Dr. Haussler, a professor of computer science, described his student as a superstar. “He’s unbelievable,” Dr. Haussler said. “This program represents an amount of work that would have taken a team of 5 or 10 programmers at least six months or a year.

“Jim in four weeks created the GigAssembler by working night and day,” Dr. Haussler said. “He had to ice his wrists at night because of the fury with which he created this extraordinarily complex piece of code.”

Having finished the GigAssembler, Mr.

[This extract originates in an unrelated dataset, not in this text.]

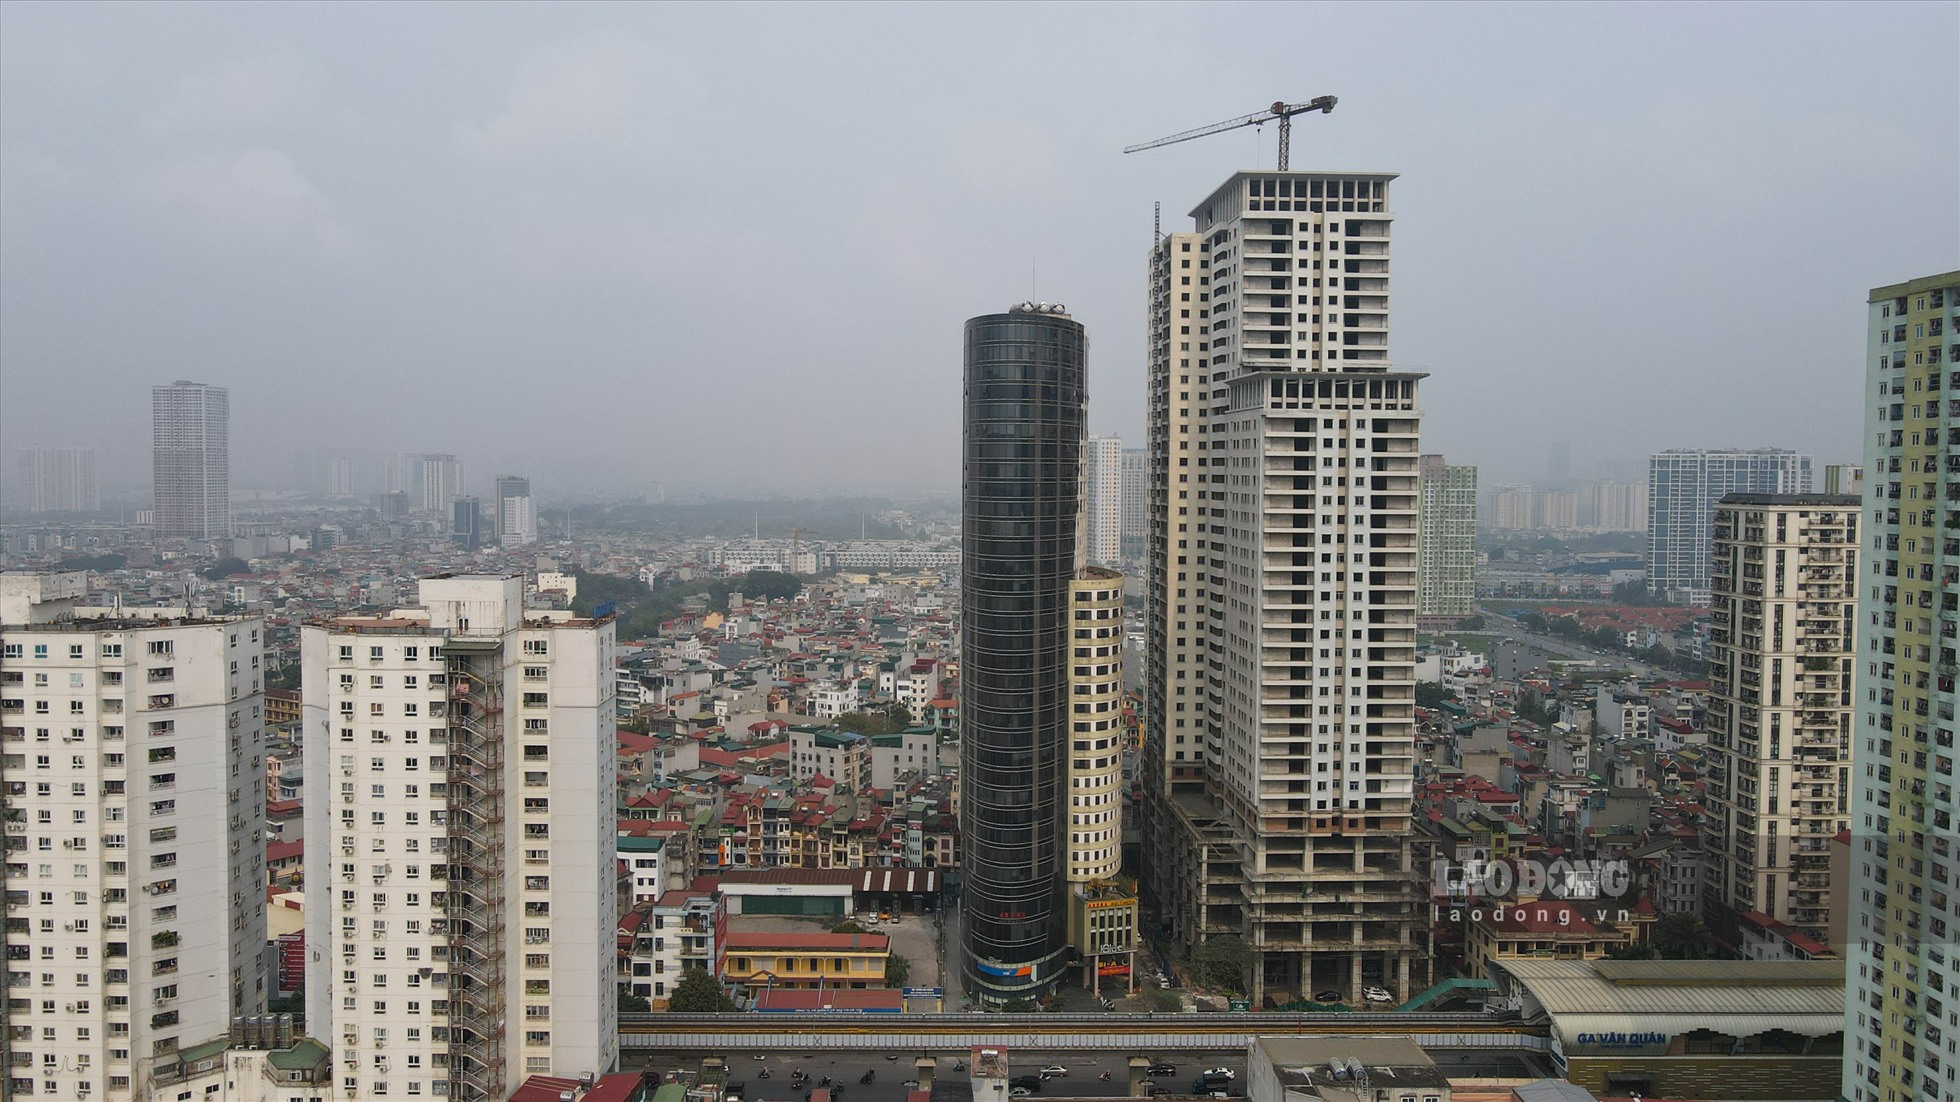 Dự án tọa lạc tại 110 Trần Phú, xây dựng trên khu đất 4.992 m2 với thiết kế tòa tháp 39 tầng nổi và 3 tầng hầm, từ tầng 1 đến tầng 6 là khu trung tâm thương mại, văn phòng, từ tầng 7-39 là khu căn hộ với tổng số 439 căn.

Kent then wrote another program known as a browser that enables many other kinds of genomic information to be aligned in tracks above the raw sequence of DNA bases, the chemical letters in which the human hereditary information is encoded. This extra information is essential for making sense of the DNA sequence and in particular for discovering where the genes are.

How did a mere private see the weakness in the order of battle that the consortium’s generals had missed? Their competitor, Dr. Venter, had always relied on heavy-duty computation to hedge the enormous risks he took in his sequencing strategy. In setting up Celera he ordered a machine with vast processing power and four terabytes of memory, creating the largest computer in civilian use.

The consortium’s DNA sequencing centers had nothing to match it because their strategy did not seem to require large-scale computation. The consortium breaks the human genome into large pieces known as BAC’s and works from a simple map that shows how one BAC overlaps with the next in a tiling path that extends across the genome.

In December 1999, Dr. Eric S. Lander of the Whitehead Institute, who heads the consortium’s genome analysis group, approached Dr. Haussler for help finding the genes in the human genome sequence, the first step in annotating it. Dr. Haussler decided the genome could not be properly analyzed until the pieces being generated by the consortium were in the right order.

The pieces of DNA were so small that their average size was less than that of the average gene.

Most of the consortium’s BAC’s were unfinished, each one consisting of up to 80 different pieces of unknown orientation and of unknown order within each BAC — hardly worthy of being called a sequence, as Dr. Venter liked to observe of his competitors’ efforts.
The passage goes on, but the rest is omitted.